创建用于初始化数据库表的函数，可在 FastAPI 的 lifespan 中调用：

# pkg/database/__init__.py
from .rdb import Base, db_engine


async def init_tables() -> None:
    async with db_engine.begin() as conn:
        await conn.run_sync(Base.metadata.create_all)


async def drop_tables() -> None:
    async with db_engine.begin() as conn:
        await conn.run_sync(Base.metadata.drop_all)

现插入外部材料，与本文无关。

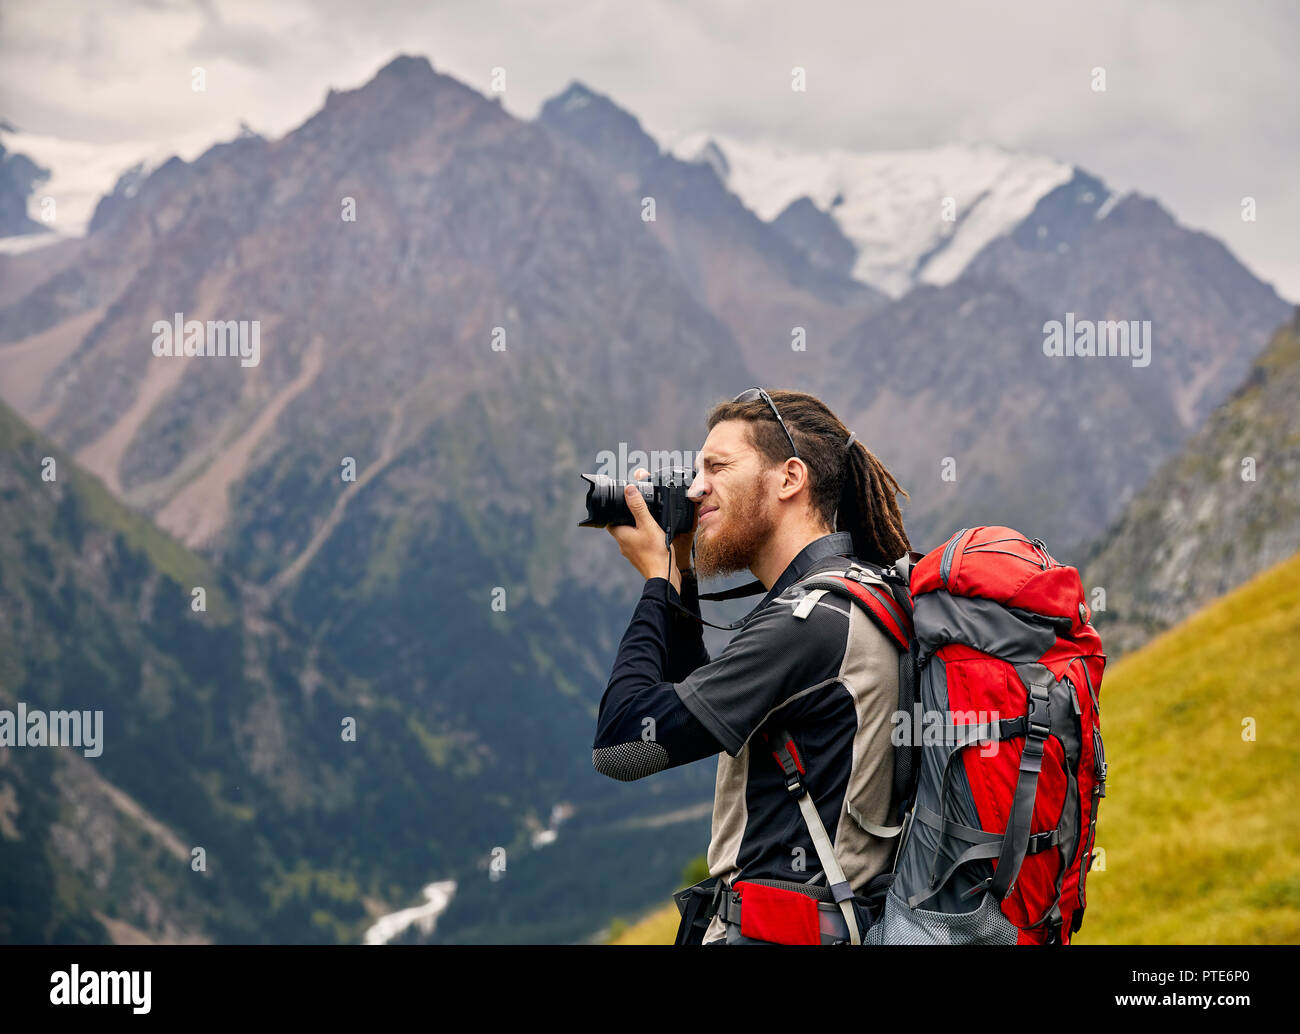 Hombre fotógrafo con gran mochila y cámara tomando fotos de las montañas. Concepto de estilo de vida de viajes de aventura al aire libre vacaciones activas Foto de stock

对 scheduler_logs 表的访问进行了封装：

# pkg/scheduler/services.py
from collections.abc import Sequence
from datetime import datetime, timedelta, timezone

from sqlalchemy import delete, select

from pkg.database.models.scheduler import LastRunStatus, SchedulerLogs, TaskType
from pkg.database.rdb import async_session


class SchedulerLogsService:
    @classmethod
    async def log_task_execution(
        cls,
        worker_id: str,
        task_name: str,
        task_type: TaskType,
        status: LastRunStatus,
        error: str = "",
    ) -> bool:
        try:
            async with async_session() as session:
                async with session.begin():
                    log_entry = SchedulerLogs(
                        worker_id=worker_id,
                        task_name=task_name,
                        task_type=task_type,
                        status=status,
                        error_message=error,
                        created_at=datetime.now(timezone.utc),
                    )
                    session.add(log_entry)
                    return True
        except Exception as e:
            return False

    @classmethod
    async def list_task_logs(
        cls,
        task_name: str = "",
        task_type: TaskType | None = None,
        limit: int = 10,
        offset: int = 0,
    ) -> Sequence[SchedulerLogs]:
        """列出任务日志

        Args:
            task_name (str, optional): 任务名称. Defaults to "".
            limit (int, optional): 每页数量. Defaults to 10.
            offset (int, optional): 偏移量. Defaults to 0.

        Returns:
            Sequence[SchedulerLogs]: 任务日志列表
        """
        async with async_session() as session:
            stmt = select(SchedulerLogs)
            if task_name:
                stmt = stmt.where(SchedulerLogs.task_name == task_name)
            if task_type:
                stmt = stmt.where(SchedulerLogs.task_type == task_type)
            stmt = (
                stmt.order_by(SchedulerLogs.created_at.desc())
                .limit(limit)
                .offset(offset)
            )
            result = await session.execute(stmt)
            logs = result.scalars().all()
            return logs

    @classmethod
    async def cleanup_old_logs(cls, keep_days: int = 30) -> bool:
        """清理旧日志

        Args:
            keep_days (int, optional): 保留天数. Defaults to 30.

        Returns:
            bool: 是否成功清理日志
        """
        async with async_session() as session:
            async with session.begin():
                stmt = delete(SchedulerLogs).where(
                    SchedulerLogs.created_at
                    < datetime.now(timezone.utc) - timedelta(days=keep_days)
                )
                result = await session.execute(stmt)
                return result.rowcount > 0  # type: ignore

定时任务调度器实现

分布式锁机制

首先实现基于数据库的分布式锁。理想情况下，可以先定义一个抽象基类 DistributedLock，包含 acquire 和 release 抽象方法，然后根据不同的锁实现（如 DistributedDBLock、DistributedFileLock、DistributedRedisLock）提供具体实现。这样可以根据实际业务场景灵活选择锁的实现方式。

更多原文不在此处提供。